Liverpool's attack of the clones leads to their downfall at Old Trafford

Julian Finney

It's too early to tell whether Luis Suarez can repeat his excellent form of last year, but Liverpool struggled against Manchester United due to having too many similar forwards.

On the point of whether Luis Suarez had improved Liverpool, it is of course still too early to tell. The Uruguayan was decent in very brief patches against Manchester United last night, although most came through instinctive flicks to set others into motion. When inclined to shoot himself, he maintained the air of a threat but wasted his many opportunities against an opposition midfield that was leaving their defence badly exposed.

More from our team blogs: Liverpool blog The Liverpool Offside

Liverpool's direct running, through the likes of Daniel Sturridge, Suarez, Raheem Sterling and Victor Moses, were much the same. They drove into troublesome areas, took on defenders with confidence, and surged into the gaps in United's nonexistant midfield. And then... nothing. Suarez had been wasteful. Daniel Sturridge was lacking in both ideas and execution. Victor Moses was ponderous when deciding what to do. Raheem Sterling was Raheem Sterling.

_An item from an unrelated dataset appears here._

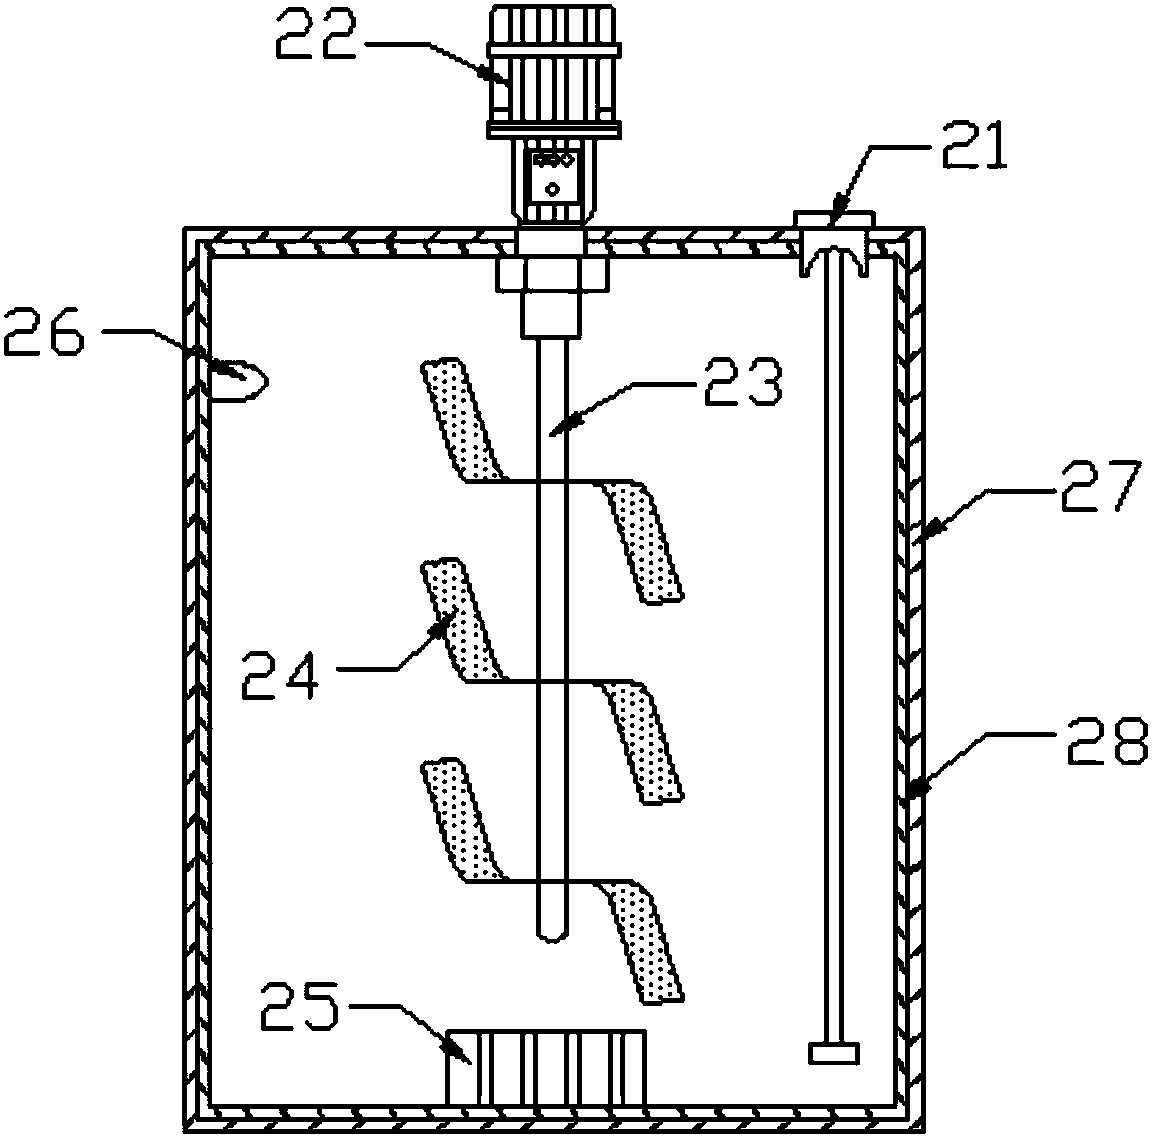 Brown sugar juice filtering device used for brown sugar processing

That seems to be the problem likely to hold Liverpool back this season. Normally, teams who struggle to attract top talent that can afford to do so make do with a deep squad, relying on at least one of their number being able to produce the goods on the day. Previously, under Rafael Benitez, Fernando Torres' deputies were woefully inadequate at their task. Suarez's accomplices are of a far higher calibre, but the problem is something different: they are all inferior versions of the same player.

A tactical problem may be a welcome one for Liverpool after for so long harbouring more abstract, nebulous problems which are far harder to exorcise. The inexplicable home 0-0s, the complacency of facing mid-table opposition following impressive performances against big clubs, and the belief that Benitez was a miracle worker. All are difficult to cure, and so this new problem, while hardly welcome, is at least somewhat more manageable.

It's not the only problem the team have, of course. Their defence is in need of consideration, with a pricey gamble on Mamadou Sakho unlikely to provide any answers the club were looking for. In addition, Steven Gerrard's decline leaves them with one less player to call on to produce something special. But it's difficult to see any of the club's problems usurping their forward line as the major obstacle that could prevent them from achieving their goals this season.

As United stole their winning goal and made their mark on the game, Liverpool desperately needed an alternative to the failing Suarez and Sturridge, but only had Raheem Sterling and Iago Aspas available on the bench - more of the same. It's in stark contrast to the strikers available to their opponents - while Robin van Persie, Danny Welbeck, Javier Hernandez and Wayne Rooney obviously add up to a greater combined talent, they are also highly varied players, all of whom can provide a suitable option for pretty much any scenario.

There's been suggestions that the club should prioritise the purchase of a midfielder in January, although opinion remains divided over whether a defensive or attacking type should be preferred. Instead, however, they might look at what they could do to give themselves more options. When the end of a season in which a team fall just short of their target arrives, it's usually the easily winnable games that are, rightly, most lamented, and situations like that in the 60th minute last night will do more than any other to hinder their chances of achieving a top four spot.

When Arsenal came in for Suarez in the summer, Liverpool rejected incredible bids to keep him, with the justification offered by some supporters that he offered something else nobody could. Now, as the season begins, they find that they have too many players doing exactly the same as him.